A modular, flexible microneedle biosensor patch with machine learning for real-time, personalized health monitoring.

## Key findings

- The eMPatch achieved classification accuracy of 0.996 in distinguishing normal and diet-induced metabolic disorders.
- The system demonstrated an R2 score of 0.977 for evaluating the degree of metabolic disorder.
- The patch enables real-time physiological tracking across diverse daily activities in animal models.

## Abstract

A skin-interfaced microneedle patch simultaneously and continuously measures six metabolic biomarkers from dermal interstitial fluid—glucose, uric acid, cholesterol, sodium, potassium, and pH.Modular microneedle units assembled on a compliant polystyrene-isoprene-polystyrene substrate offer mechanical robustness and excellent flexibility, enabling seamless adhesion, stable skin-sensor coupling, and user-specific configuration, which delivers durable, conformal wear with high signal fidelity in daily use.An end-to-end personalized health evaluation system: high-dimensional multiplexed signals are processed by an optimized machine-learning pipeline to quantify and predict metabolic responses to daily behaviors, supporting personalized guidance (e.g., postprandial control, electrolyte balance).

A skin-interfaced microneedle patch simultaneously and continuously measures six metabolic biomarkers from dermal interstitial fluid—glucose, uric acid, cholesterol, sodium, potassium, and pH.

Modular microneedle units assembled on a compliant polystyrene-isoprene-polystyrene substrate offer mechanical robustness and excellent flexibility, enabling seamless adhesion, stable skin-sensor coupling, and user-specific configuration, which delivers durable, conformal wear with high signal fidelity in daily use.

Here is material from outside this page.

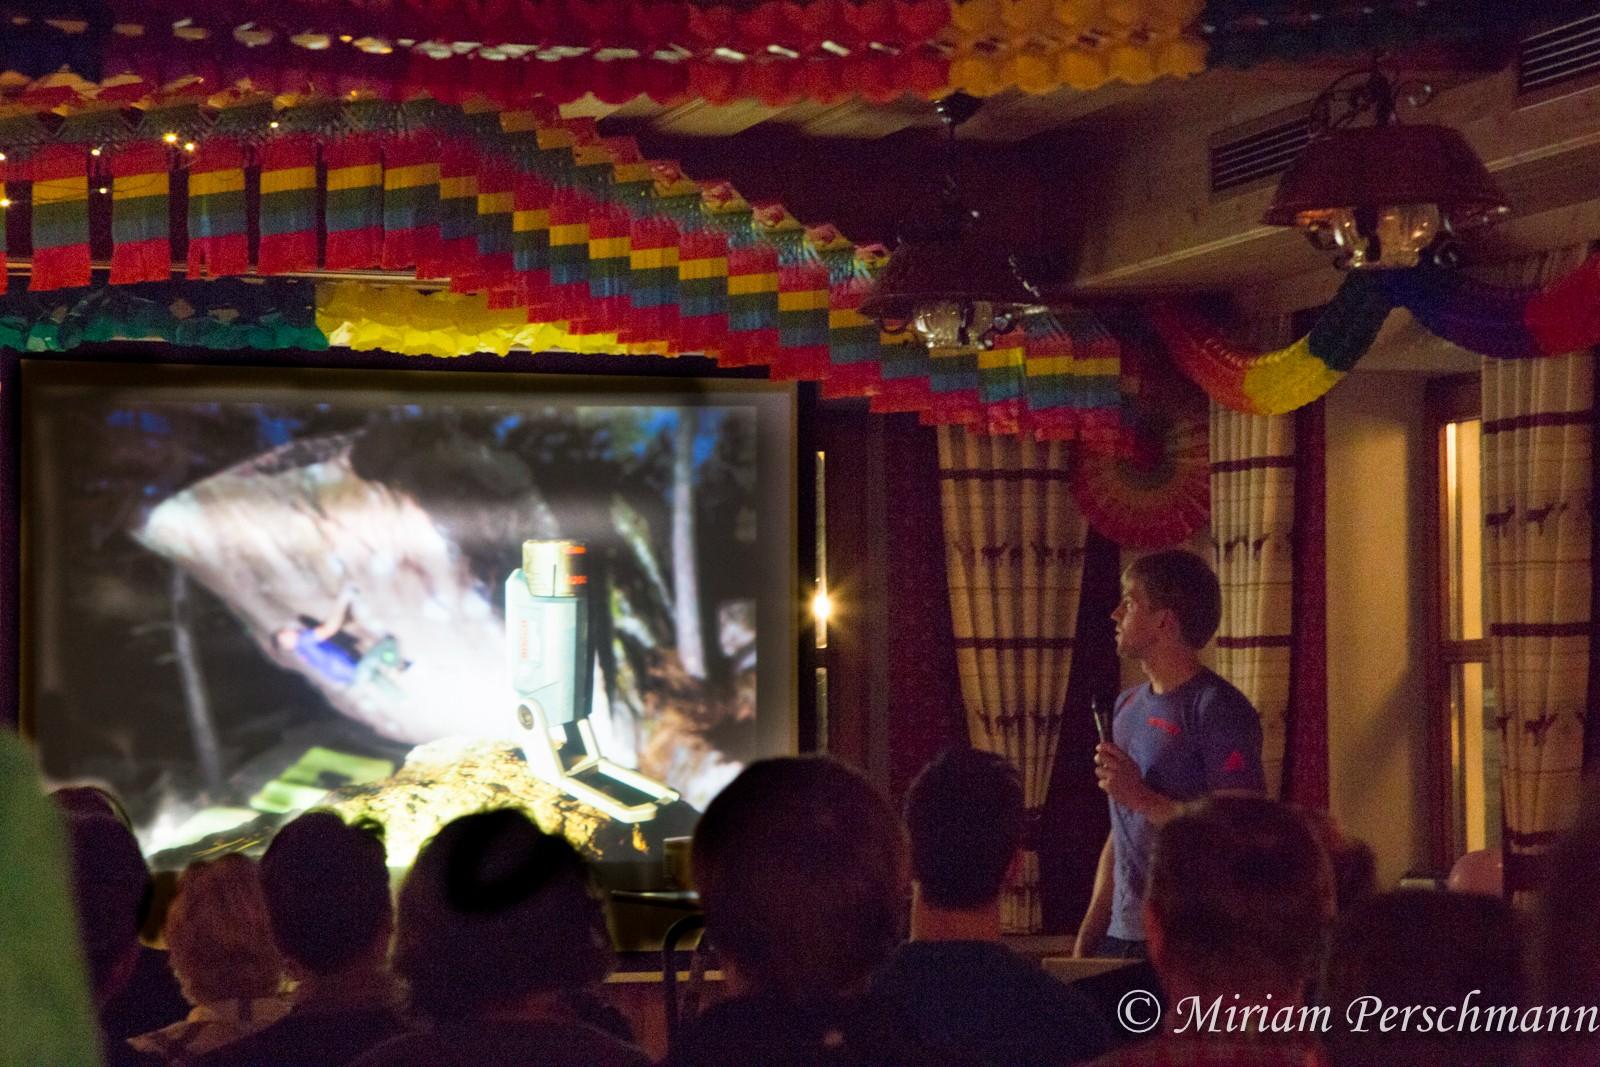 Multivisionshow in Pfaffenhofen an der Ilm 14.01.2016

An end-to-end personalized health evaluation system: high-dimensional multiplexed signals are processed by an optimized machine-learning pipeline to quantify and predict metabolic responses to daily behaviors, supporting personalized guidance (e.g., postprandial control, electrolyte balance).

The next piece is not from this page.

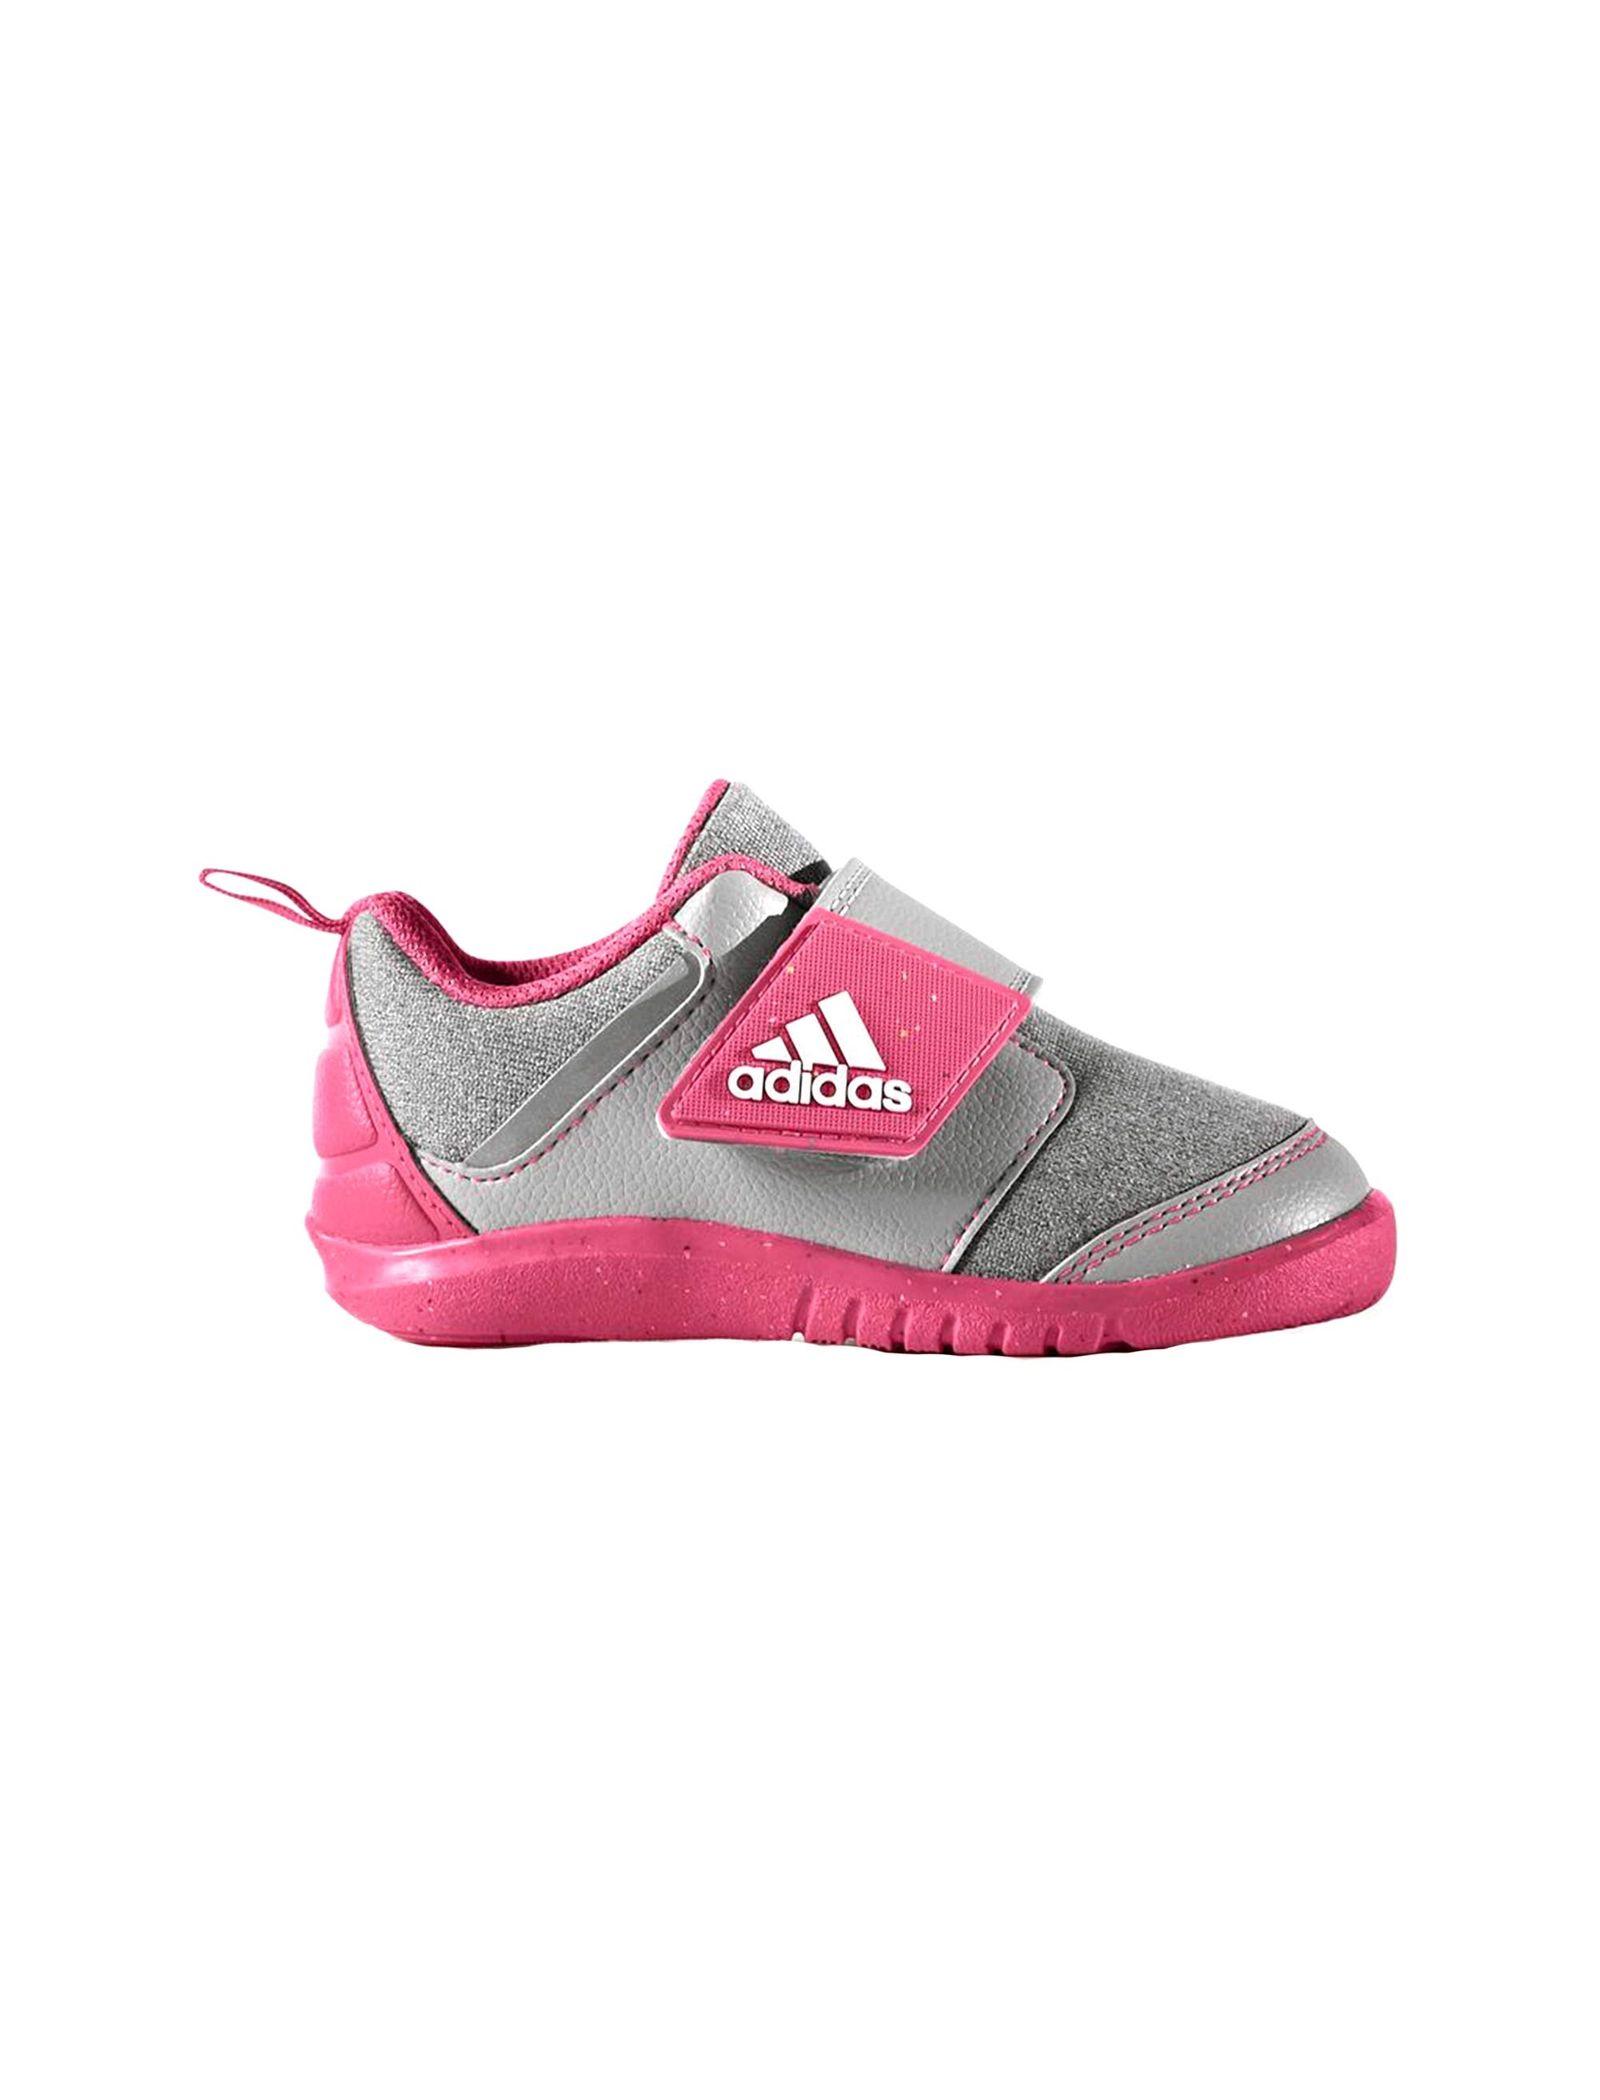 کفش تمرین چسبی دخترانه FortaPlay - آدیداس - صورتي - 1

The online version contains supplementary material available at 10.1007/s40820-026-02095-x.

Given the inherent complexity of metabolic pathways and disease-associated agents, next-generation healthcare necessitates wearable, non-invasive, and customized approaches to continuously monitor a broad spectrum of physiologically relevant biomarkers for personalized health management. Moreover, existing data-based analytical strategies remain inadequate for delivering quantitative and predictive evaluations of health status in real-life settings. Here, we report an electronic multiplexed microneedle-based biosensor patch (eMPatch) that enables real-time, minimally invasive monitoring of key metabolic biomarkers in interstitial fluid, including glucose, uric acid, cholesterol, sodium, potassium, and pH. By integrating modular microneedle (MN) sensors into a skin-interfaced flexible platform, the eMPatch achieves robust mechanical stability and seamless skin conformity, thereby ensuring reliable and continuous sensing within the dermal space. In vivo validation in animal models under metabolic intervention highlights the strong capability of the eMPatch for real-time physiological tracking across diverse daily activities. Implemented with a machine learning algorithm, the eMPatch enables automatic feature extraction and multi-task health assessment, achieving a classification accuracy of 0.996 in distinguishing normal and diet-induced metabolic disorder for health condition identification and an R2 score of 0.977 for the corresponding degree evaluation. This study highlights the potential of the MN-integrated, machine learning-enhanced biosensing platform toward personalized health management.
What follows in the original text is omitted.